You're the kind of gal who loves to feel the burn. Your motto: No pain, no gain. That's the only way you'll see any results, right? Well, not quite. While it's cool to challenge yourself each time you work out, pushing yourself to the point of pain or exhaustion every time can ultimately lead to an exercise-related injury. So the next time your knees buckle after a cardio class or your legs throb when you step off the treadmill, take some time off and see a doctor straight away. The quicker you tend to an injury or ailment, the faster you'll be able to get back to your fitness routine.
Every workout is the same: Stretch, run, lift, stretch, run, lift. Stuck in a rut much? One of the most common complaints about exercise is boredom, so switch things up to avoid the monotony. The easiest way to do this is to focus on different parts of your body during each workout -- for example, your arms and back one day, your legs and butt another. Don't be afraid to check out different machines at your gym, or try out resistance bands or a balance balls instead of the standard dumbbells. And when it comes to cardio, skip the spin bike in favor of a belly dancing class or something that's just as fun as it is fab for your body.

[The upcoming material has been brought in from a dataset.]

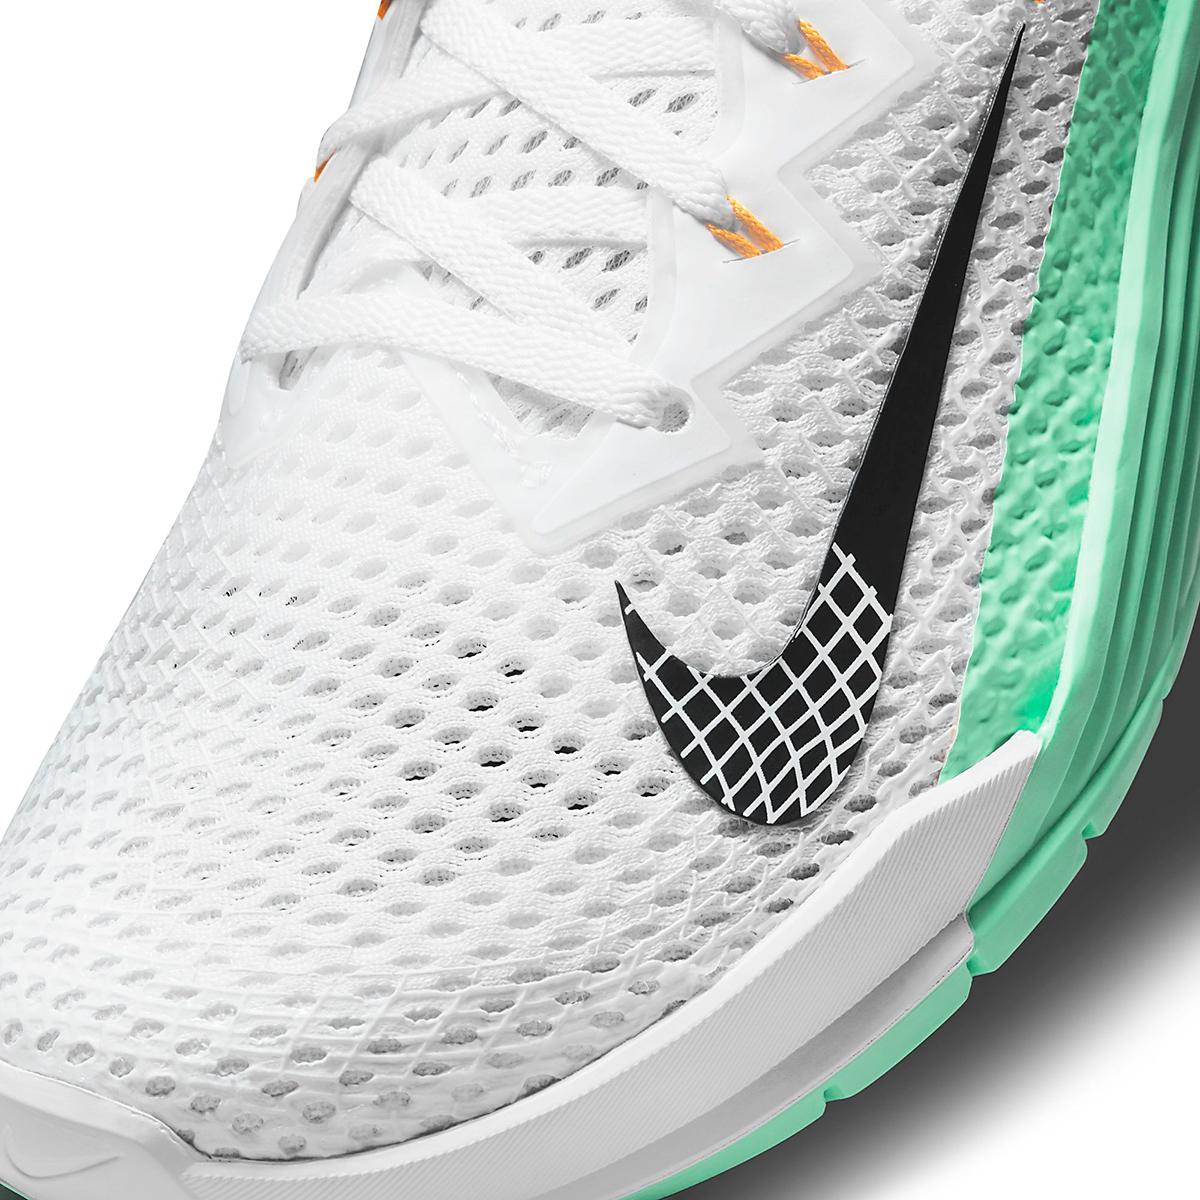 Women's Nike Metcon 6 Training Shoe - Color: White/Smoke Grey/Infinite Lilac - Size: 5 - Width: Regular, White/Smoke Grey/Infinite Lilac, large, image 7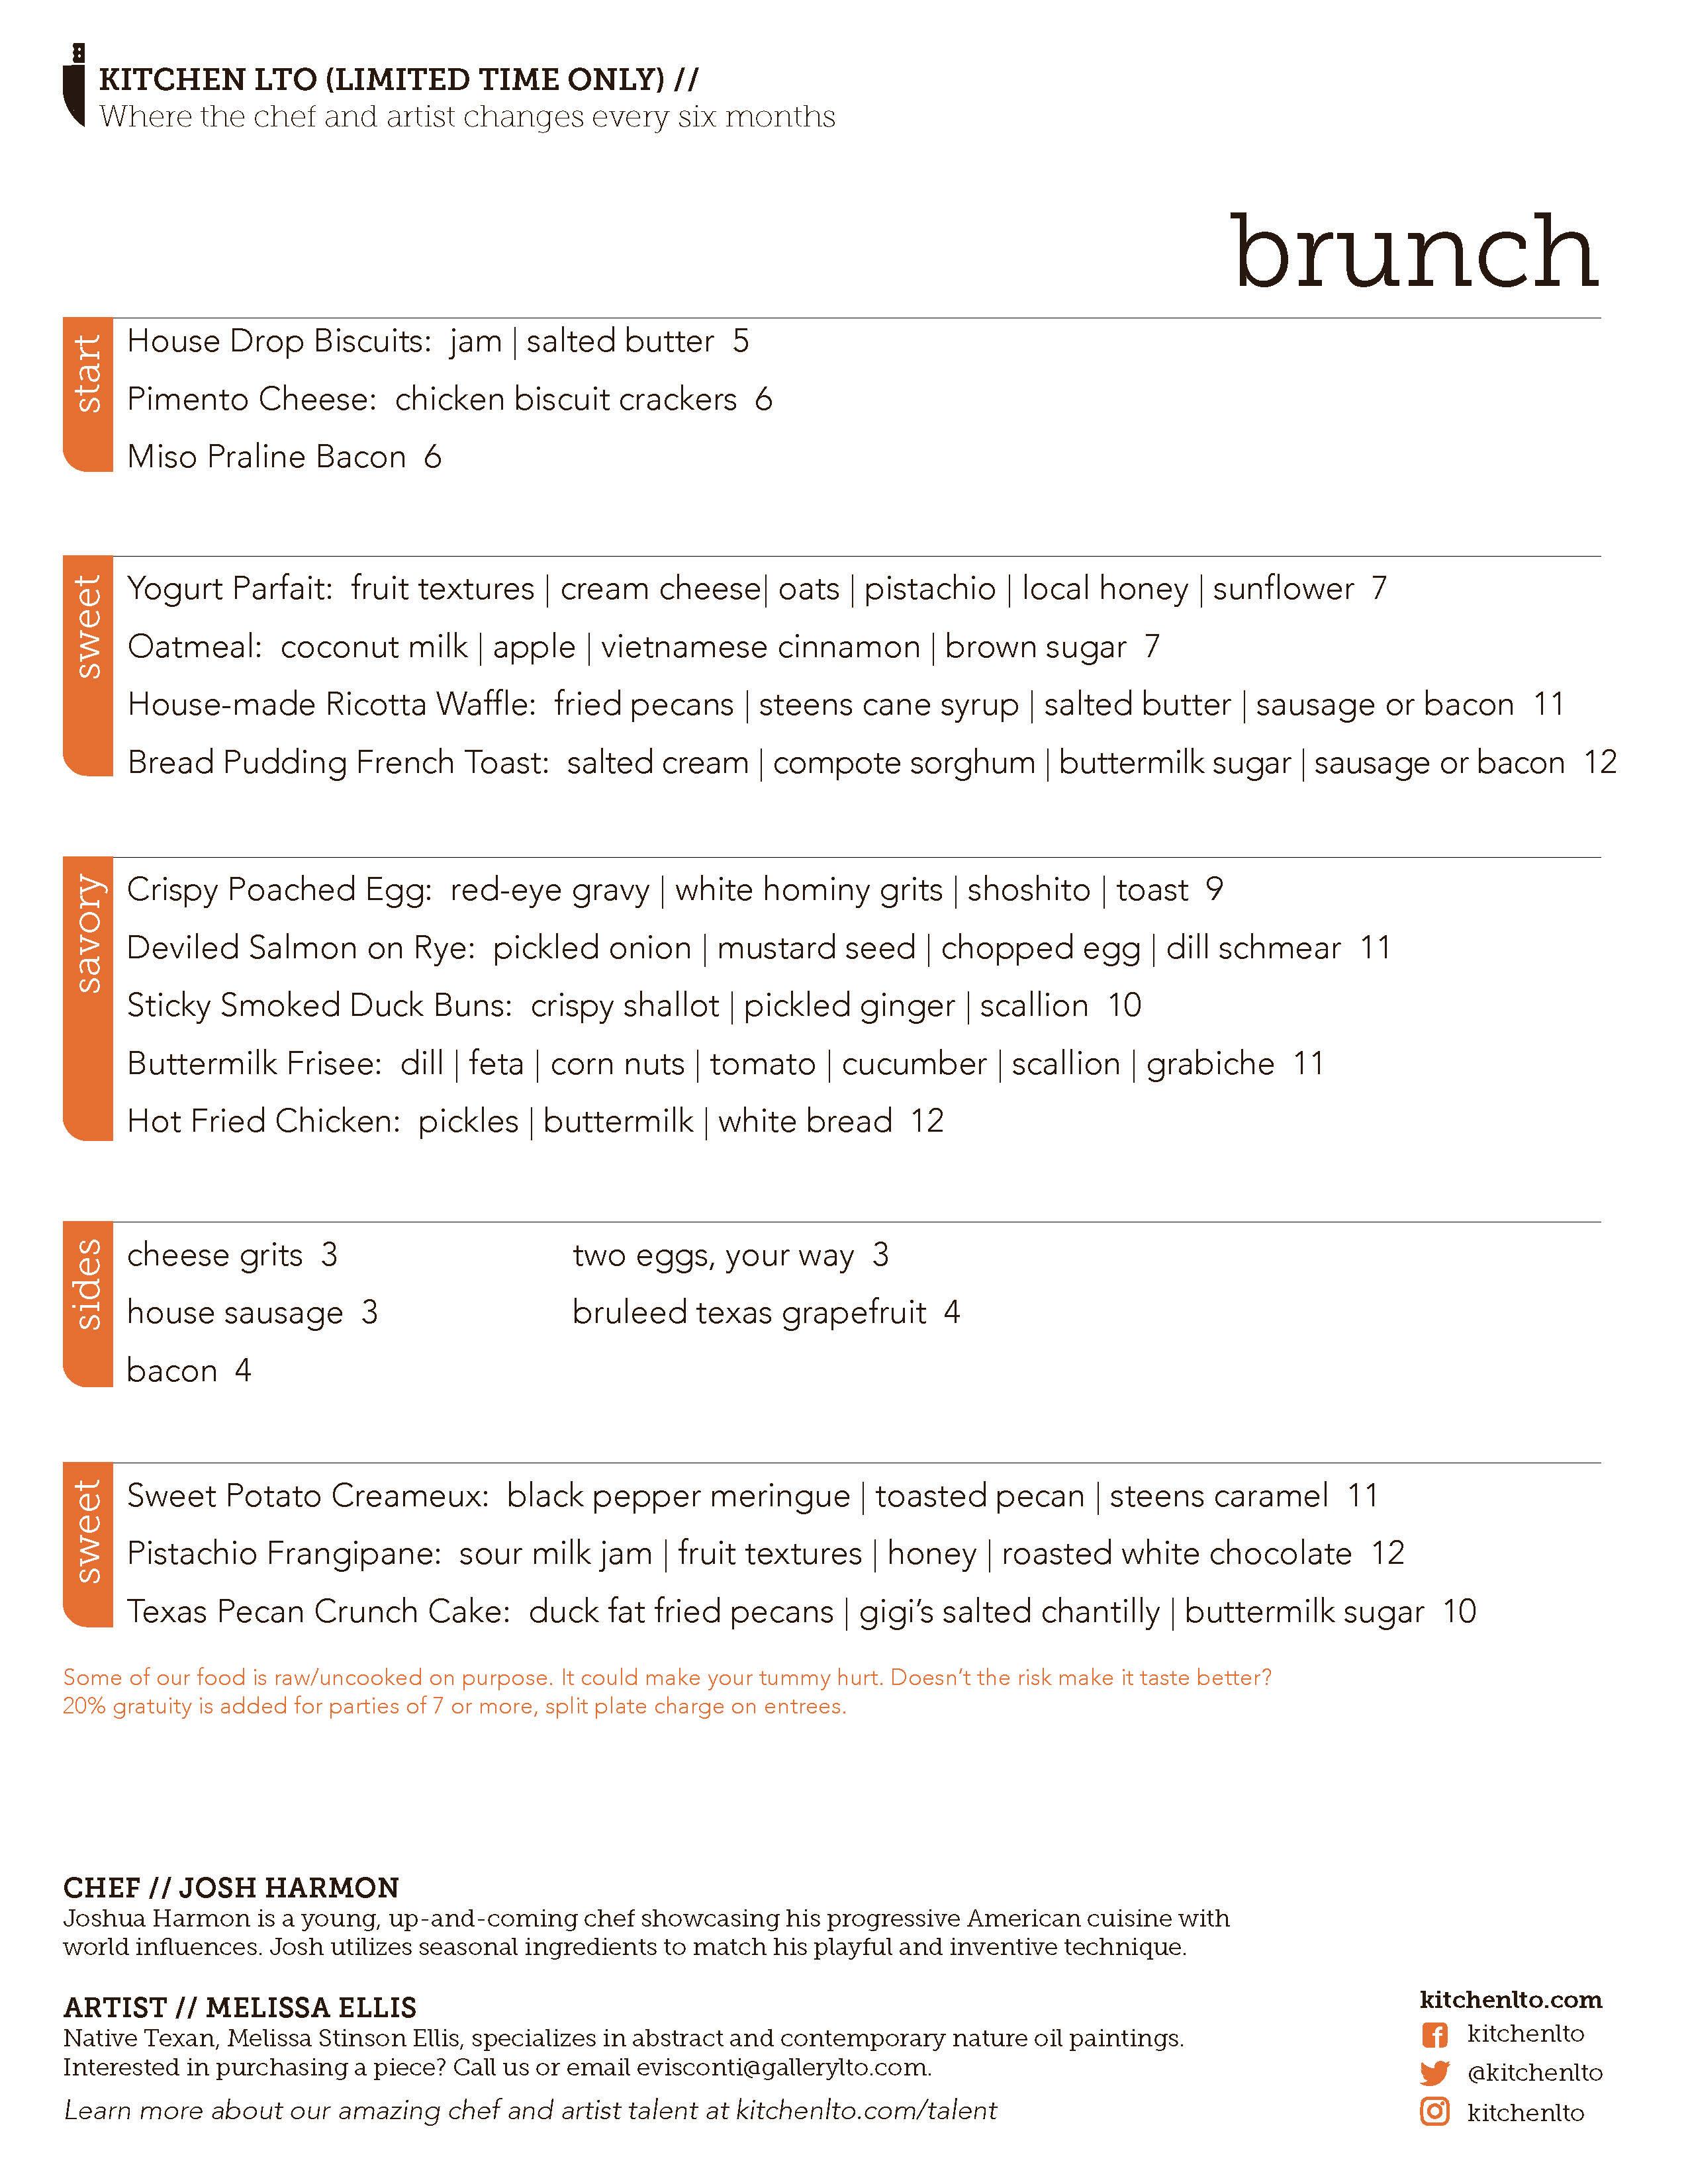 lto-brunch-menu

You hop on the treadmill, crank it up to level 7, and bang out 5 miles. You feel great afterwards -- until, that is, the next morning, when you wake up with extremely sore shins and calves. Is this the price you must pay for pounding? Not necessarily. You can avoid major muscle soreness as well as injuries with a proper warmup and cooldown. Even if you simply stretch and then walk for 5 minutes before you start to run, you'll get your muscles ready for motion. And once you're done, don't just head to the showers: Take time to wind down with some easy activity and more stretching. Your body will thank you in the morning.